Tuesday, November 16, 2010

GUILTYYYY ...

GUILTY. I am guilty and plead guilty to all offenses. Sorry?

No, I am not sorry. I will, however, take accountability for not posting a blog. As I have said before or have tried to make it clear...I am mostly doing this for myself in a way to help others (which helps me-which helps others)

Life is....good. Life is very good. And I type that with a huge smile on my face. I have never really felt this confident in...ever. It truly is a remarkable feeling, that of confidence-something I have worked hard to retrieve back, something I worked hard at ever having. It's been awhile since I can say it, that I'm good, happy, established.
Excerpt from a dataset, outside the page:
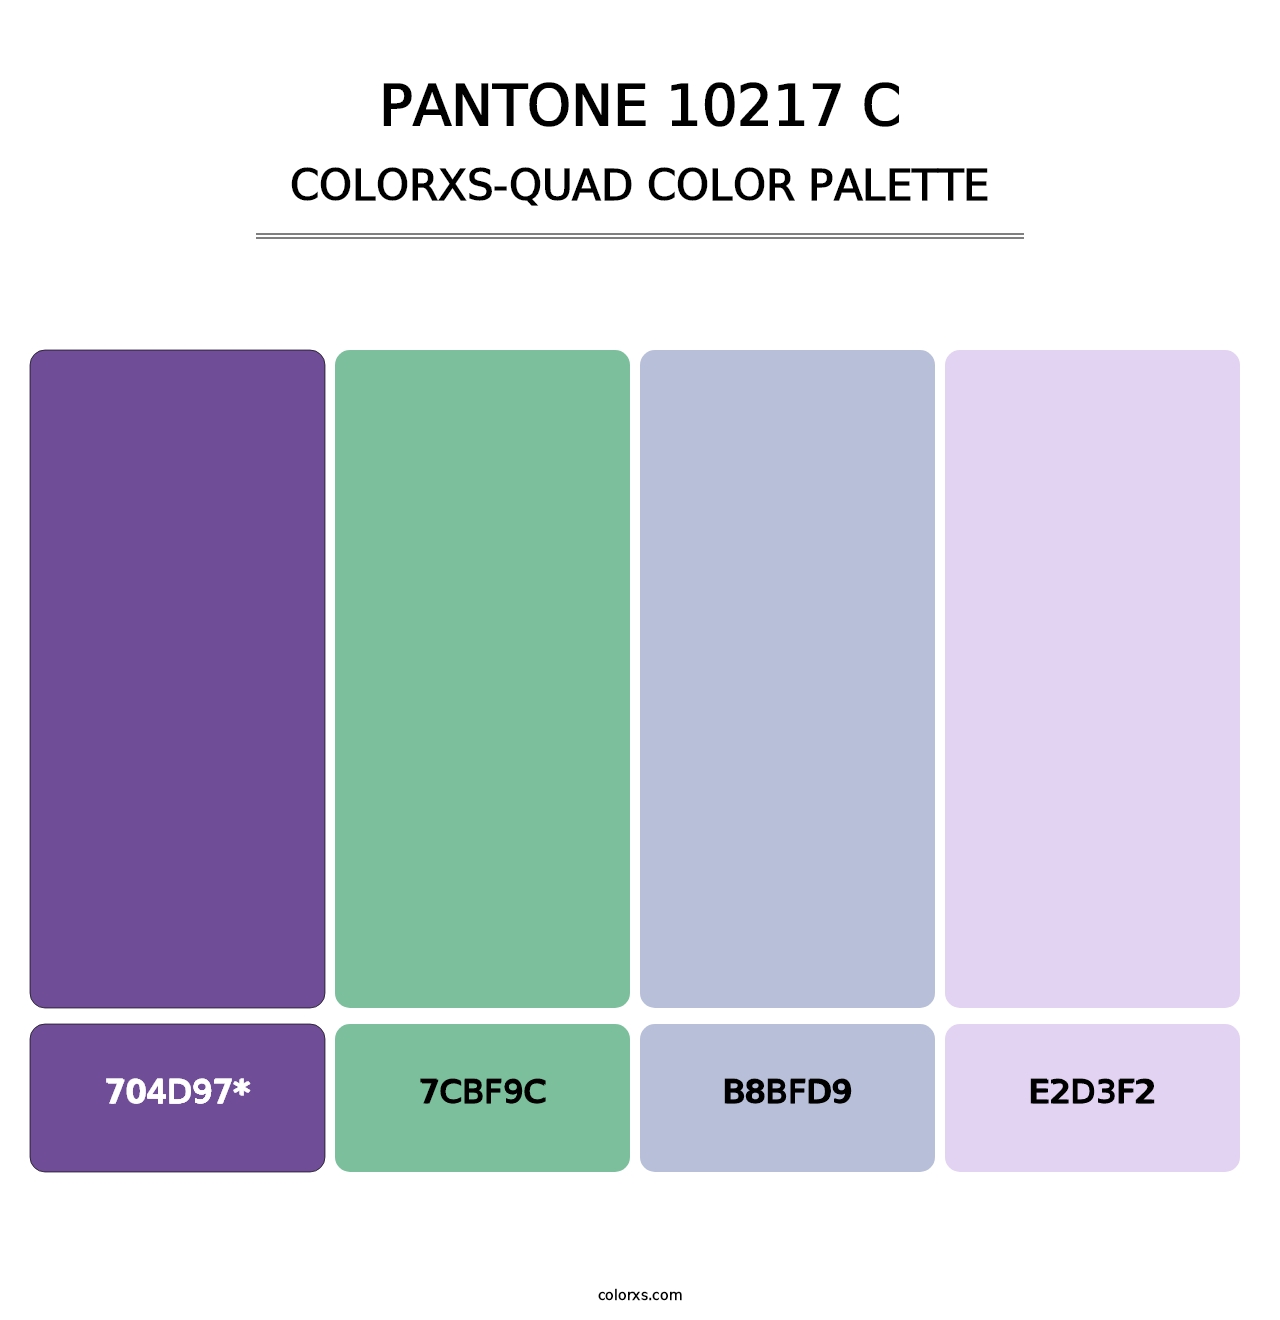 PANTONE 10217 C - Colorxs Quad Palette

I worked hard for this feeling and state of being. I am so proud of it. It didn't take a man, a built up bank, friends or even my family. Sure some have helped, my family is a huge part of where I am...but when it comes down to it-it's all me.

I'm not going to lie, I still have my moments of weakness....where I miss people, I miss parts of the past....but hell I miss being a five year old...doesn't mean I wish I was five again. At the end of the day I am grateful and I feel full (not of food) but of contentment and mostly pride-the healthy kind. The kind that lets you feel your own success without the shine of success buffering out others. Overly confident? To say the least. This is just a new feeling that I am fully aware of....so it sticks out like a bright new shirt that has never been washed. Being insecure and depressed isn't such of a deal since it was something I constantly felt.

I am getting tired. Honestly. I could fall asleep, naturally.